# cougar legal?



## jatc (Oct 24, 2008)

My all time favorite is from 1984.

Ozzy Osbourne had a show at what was then the Saginaw Civic Center (now the Dow Event Center). Apparently they were driving up M-52 and the truck that had the caged black panther he used in the show ran off the road and flipped just south of St. Charles. The cage broke open and the panther escaped.

For years the DNR tried to trap the animal, but to no avail. Rumors of pets coming up missing in the Brant area along with the typical bar stool stories of "a big black cat crossing in front of vehicles at night" become the norm.

I STILL hear people talk about recently seeing "the cat that got loose when Ozzy was here".

That cat is over 30 years old now!


----------



## The Rev. (Apr 13, 2010)

jatc said:


> My all time favorite is from 1984.
> 
> Ozzy Osbourne had a show at what was then the Saginaw Civic Center (now the Dow Event Center).

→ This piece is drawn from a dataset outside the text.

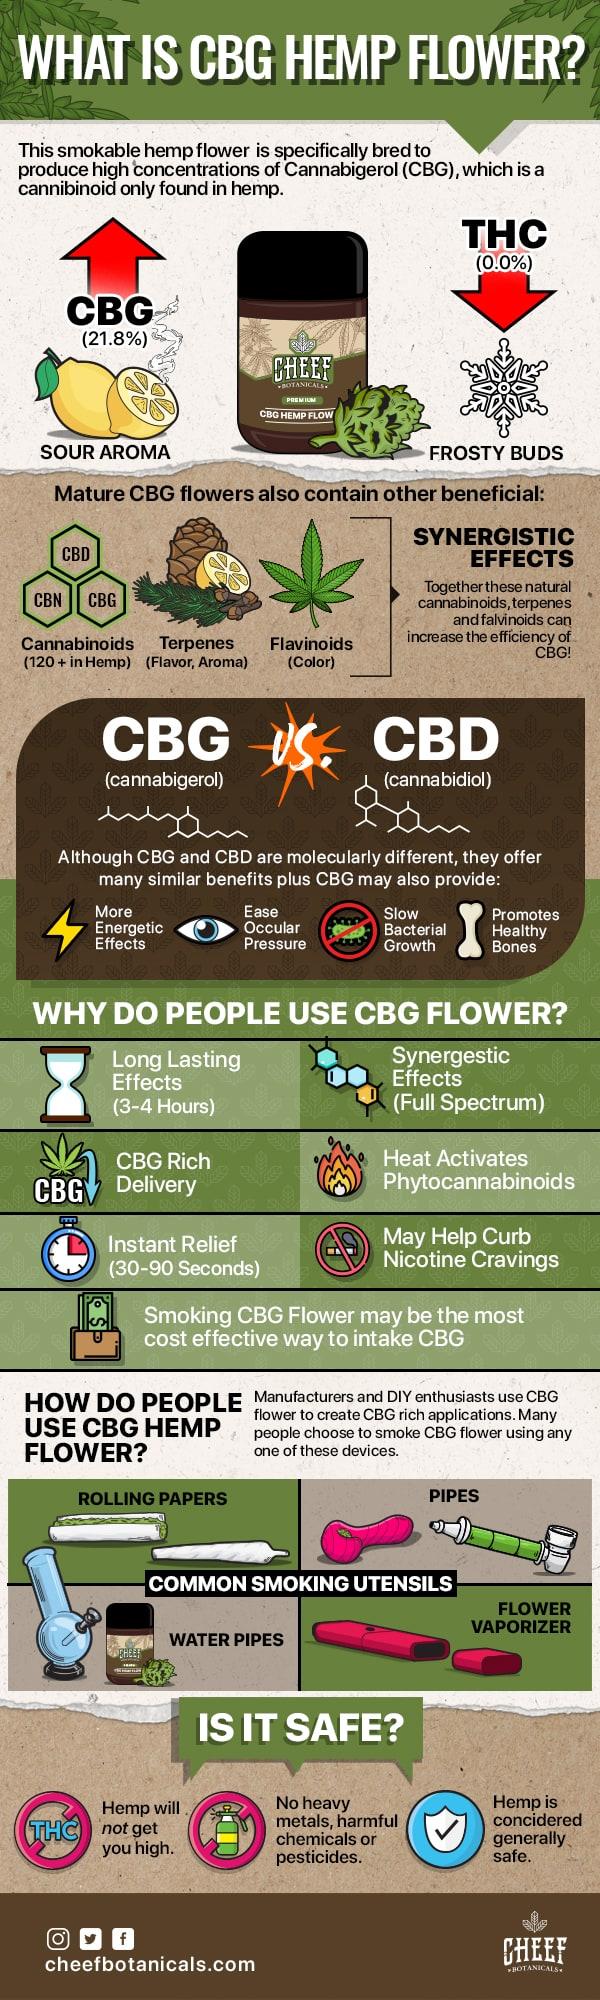 What is CBG Flower?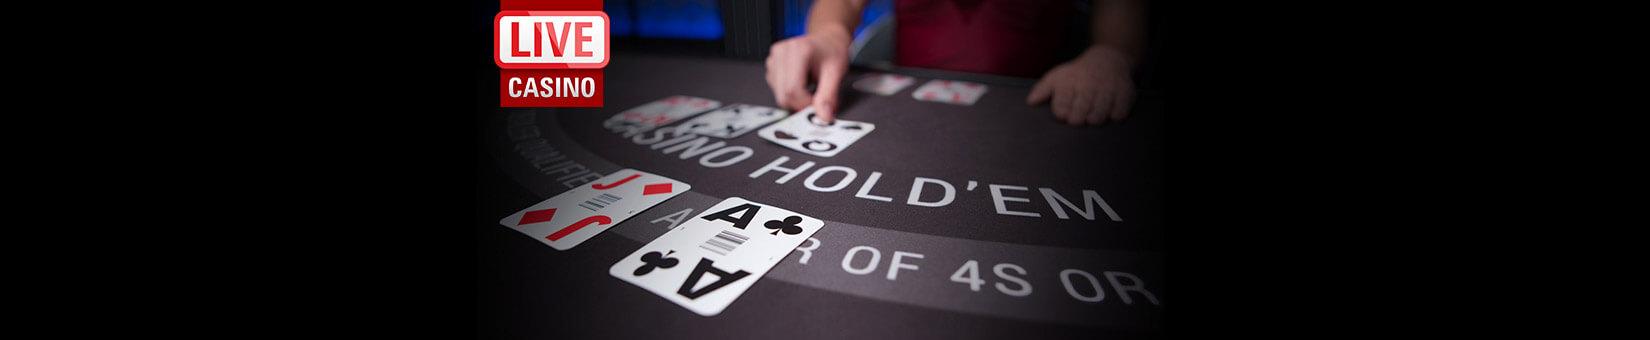 pokerstars казино live

Apparently they were driving up M-52 and the truck that had the caged black panther he used in the show ran off the road and flipped just south of St. Charles. The cage broke open and the panther escaped.
> 
> ...


It probably partied with Ozzy and know nothing can kill it


----------



## bigdaddyfischer (Jan 2, 2011)

I saw a couple bald eagles near St Charles just the other day, wish I would have known season was open. Will keep my eyes peeled for the cougar!


----------



## Robert Holmes (Oct 13, 2008)

There are a couple of them in Mackinac county, good luck.


----------



## Wolverick (Dec 11, 2008)

Sounds like cabin fever has taken hold of everyone.


----------



## DirtySteve (Apr 9, 2006)

Wolverick said:


> Sounds like cabin fever has taken hold of everyone.


nothing amuses me more on this site than a good argument about existence of cougars. I remember on a couple yrs ago where a guy photoshopped a trail came pic to show a cougar stalking a fawn at a feeder......then he posted another of himself on all fours stalking the couger. funny stuff.


_Posted from Michigan-sportsman.com App for Android_


----------